Chlamydastis crateroptila

Scientific classification
- Kingdom: Animalia
- Phylum: Arthropoda
- Clade: Pancrustacea
- Class: Insecta
- Order: Lepidoptera
- Family: Depressariidae
- Genus: Chlamydastis
- Species: C. crateroptila
- Binomial name: Chlamydastis crateroptila (Meyrick, 1918)
- Synonyms: Ptilogenes crateroptila Meyrick, 1918;

= Chlamydastis crateroptila =

- Authority: (Meyrick, 1918)
- Synonyms: Ptilogenes crateroptila Meyrick, 1918

Species of moth

Chlamydastis crateroptila is a moth in the family Depressariidae. It was described by Edward Meyrick in 1918. It is found in French Guiana.

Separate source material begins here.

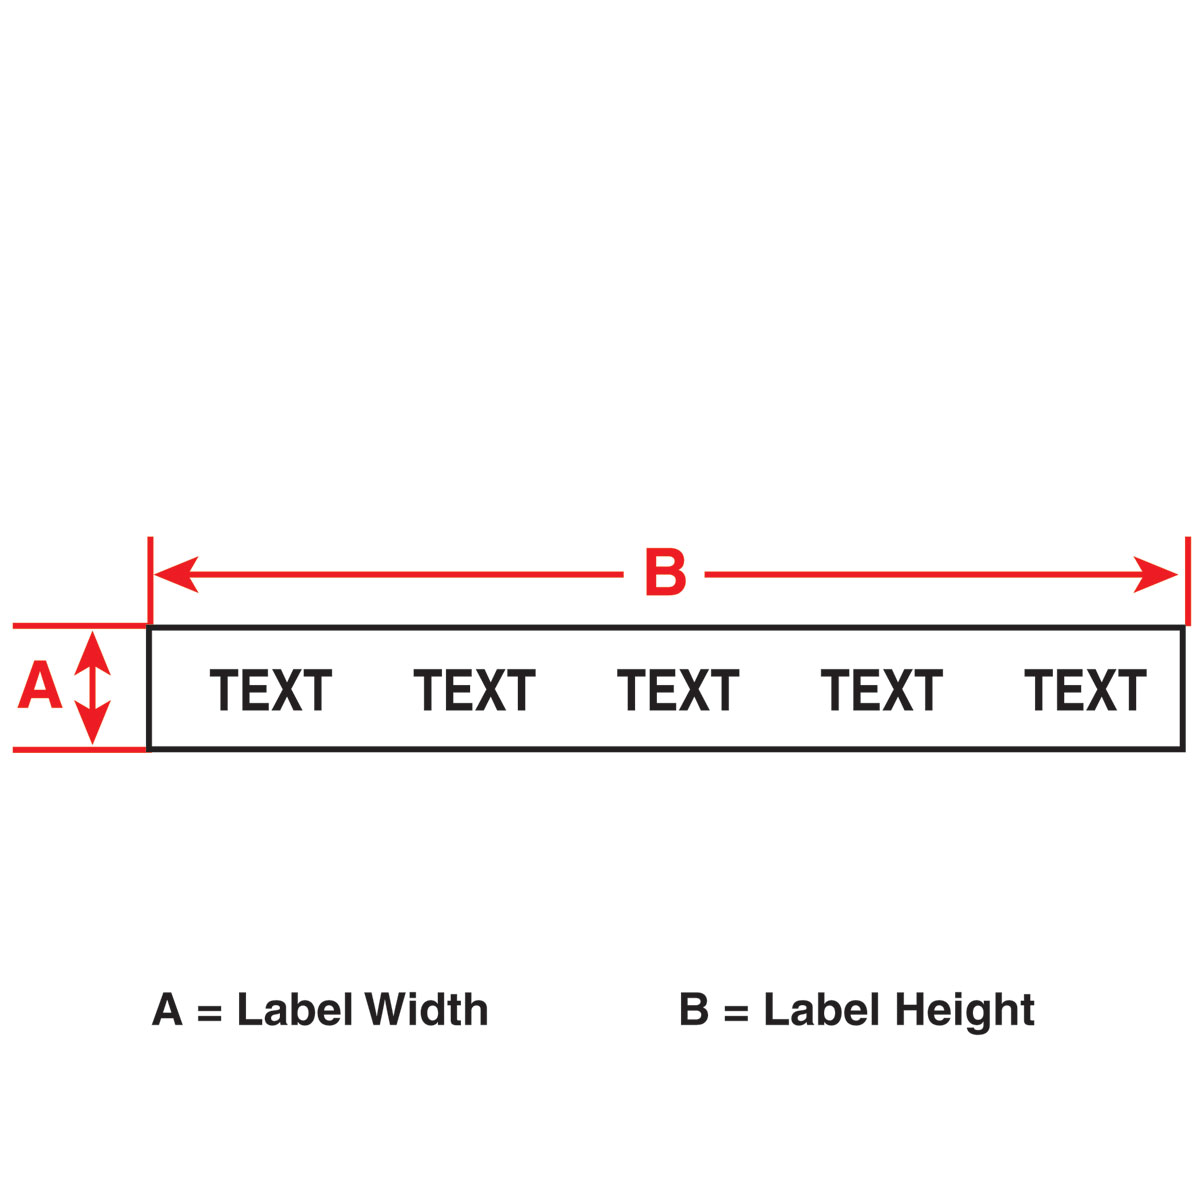 Label height. Патч панель бирка. Xsl-17-427 этикетка. Label b. ABNT маркировка.

The wingspan is about 14 mm. The forewings are white, slightly and very minutely speckled ochreous-grey and with a grey spot on the base of the costa and there is a dark grey spot on the costa at one-third, where some grey suffusion extends towards the base and there is a larger spot on the costa beyond the middle, the upper half dark grey, the lower greyish-ochreous and there are strong transverse whitish ridge-tufts above and below the middle at one-fourth. Two transversely placed confluent dots of grey irroration indicate the first discal stigma, extended by a grey shade to the dorsum and the second discal stigma is dot-like and blackish, with a transverse blotch of pale greyish-ochreous suffusion between this and the first, as well as a faint blotch of pale grey suffusion beyond this, and another on the dorsum beneath it. A hardly sinuate direct fine grey line runs from three-fourths of the costa to the dorsum before the tornus and the terminal area beyond this is suffused grey, in the disc irregularly sprinkled blackish. The hindwings are grey, anteriorly suffused whitish.